AI-based cheating not only makes it more difficult to assess students’ knowledge but also threatens to prevent them from learning how to write for themselves. Writing well is a basic human linguistic skill, useful in most professions and valuable as a mode of individual expression. But writing is also a key learning tool in and of itself. Cognitive research has shown that writing helps people build connections between concepts, boosts insight and understanding, and improves memory and recall across a variety of topics, says Kathleen Arnold, a psychologist at Radford University, who studies how writing and learning are interrelated.

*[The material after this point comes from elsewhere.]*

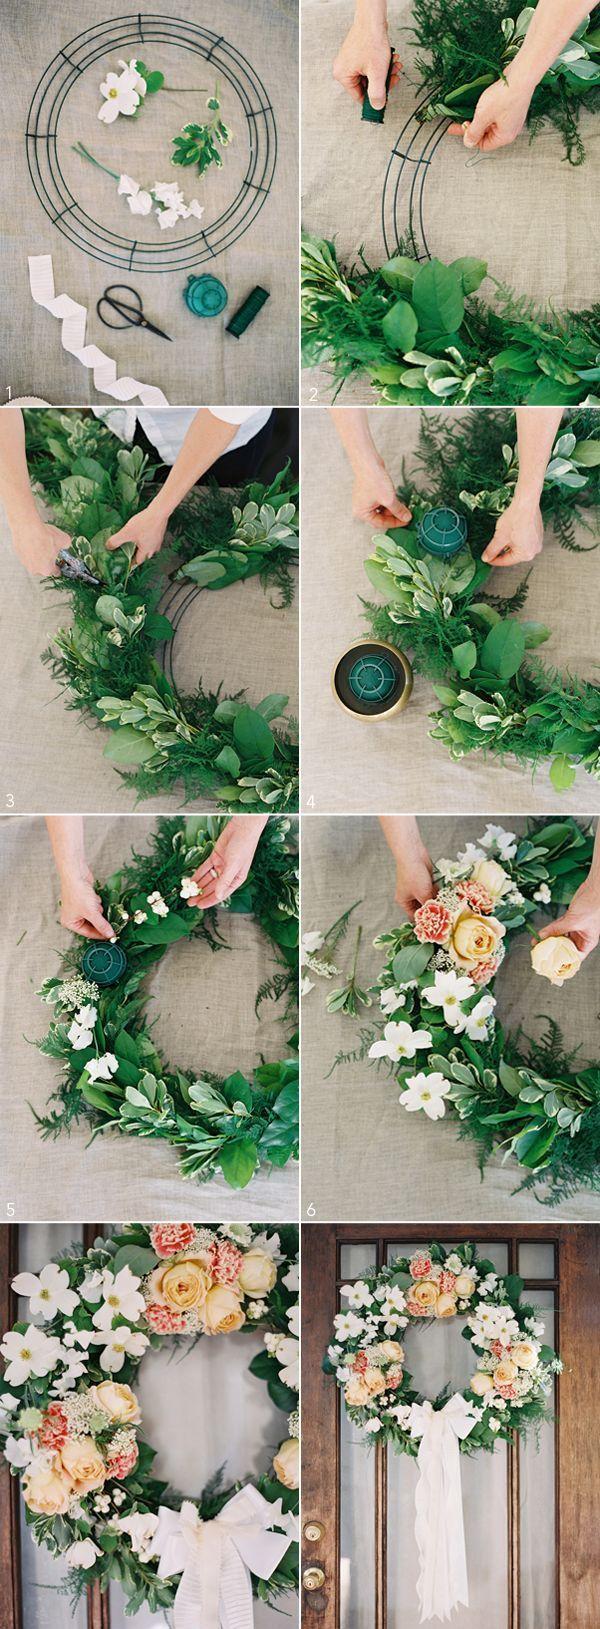 Diy wedding table decorations ideas  wonderful spring wedding decoration ideas DIY wedding wreath
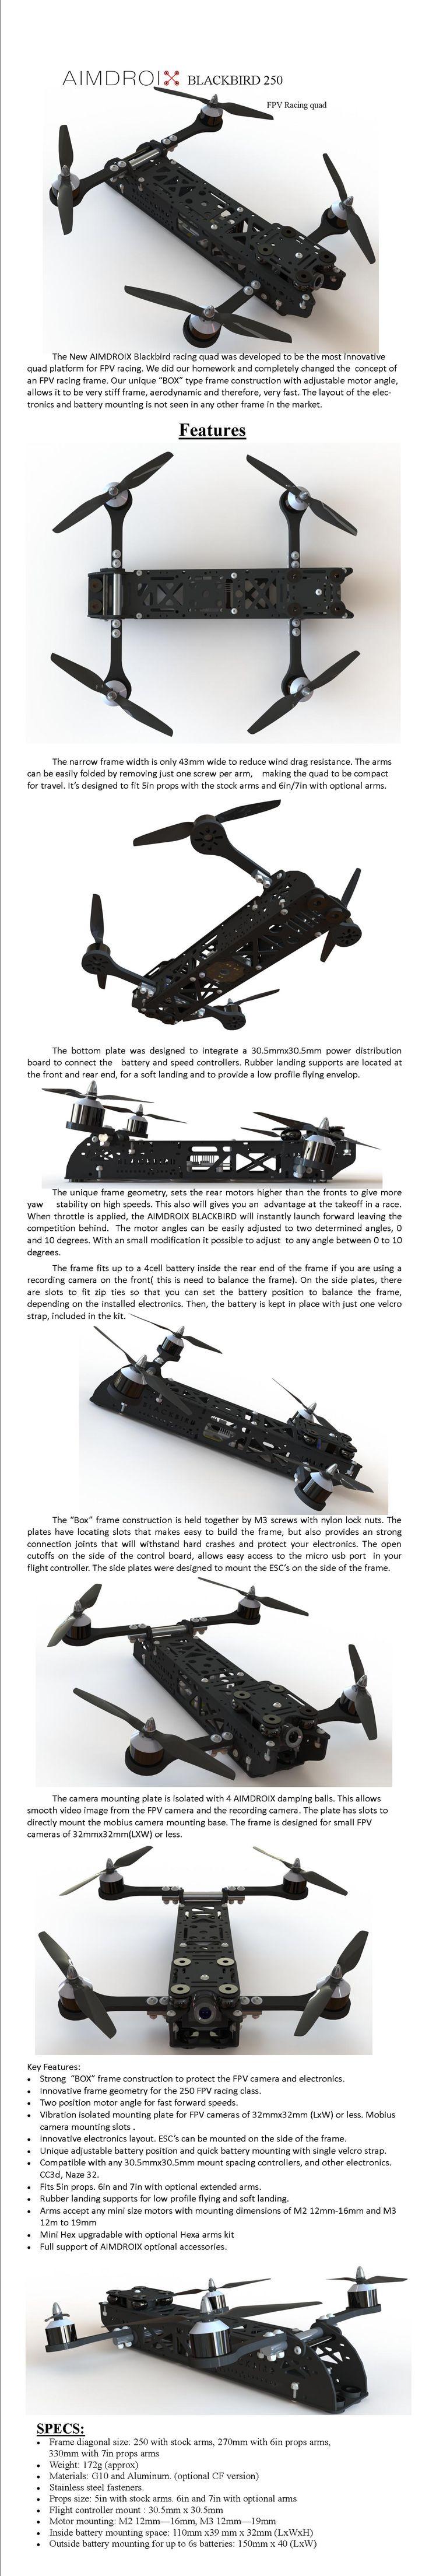 Aimdroix Blackbird 250  Fpv Racing Mini Quad [aimdroixbb250]

If a student opts to outsource all their written assignments to ChatGPT, they not only won’t become a better writer—they might also be stunted in their academic and intellectual growth elsewhere. Arnold says it’s a prospect that worries her. But at the same time, it’s an opportunity to rethink teaching and even reconceptualize AI tools as educational opportunities rather than threats to learning.
Educators at every level can design their courses and assignments to better encourage growth over competition, and technology can be a part of that. Teachers could use what Mollick calls “flipped classrooms,” where students would self-direct learning at home—aided in part by AI tutoring tools—and then use class time for working with peers. Instead of proving their grasp of the new material through homework, which could be completed by an AI, they would build on and demonstrate their knowledge through in-class projects.
Phasing out or minimizing grades is another possibility, Xie says. If a teacher’s feedback to students is more individualized and focused on process—rather than just assigning a quantitative value to the final product—students might be less inclined to cheat with AI. More frequent lower-stakes assignments could also help. Qualitative feedback and assessing a larger volume of student work both take more time and effort from teachers, but here again, Xie believes generative AI could be used as a tool to speed up the process.
ChatGPT might also be useful for students in the idea-formation process for any assignment as a brainstorming partner to bounce thoughts off of, O’Byrne says. By teaching students how to apply AI tools for their own benefit, clearly outlining expectations for ethical use and encouraging transparency, educators could end up with tech-savvier pupils who would be less prone to let AI steer the whole ship. Other strategies might include using assessments that avoid a focus on rote memorization and instead shift toward more analysis and synthesis. The N.Y.U. Abu Dhabi study found that ChatGPT was most adept at generating responses to fact-based questions; it fell significantly behind human students’ performance when it was given conceptual prompts.
In an ideal world, our relationship with generative AI might end up similar to the one we have with calculators and spellcheck, Magliano says. All are tools with helpful and less helpful applications. It’s just a matter of ensuring students know when to use them—and when not to.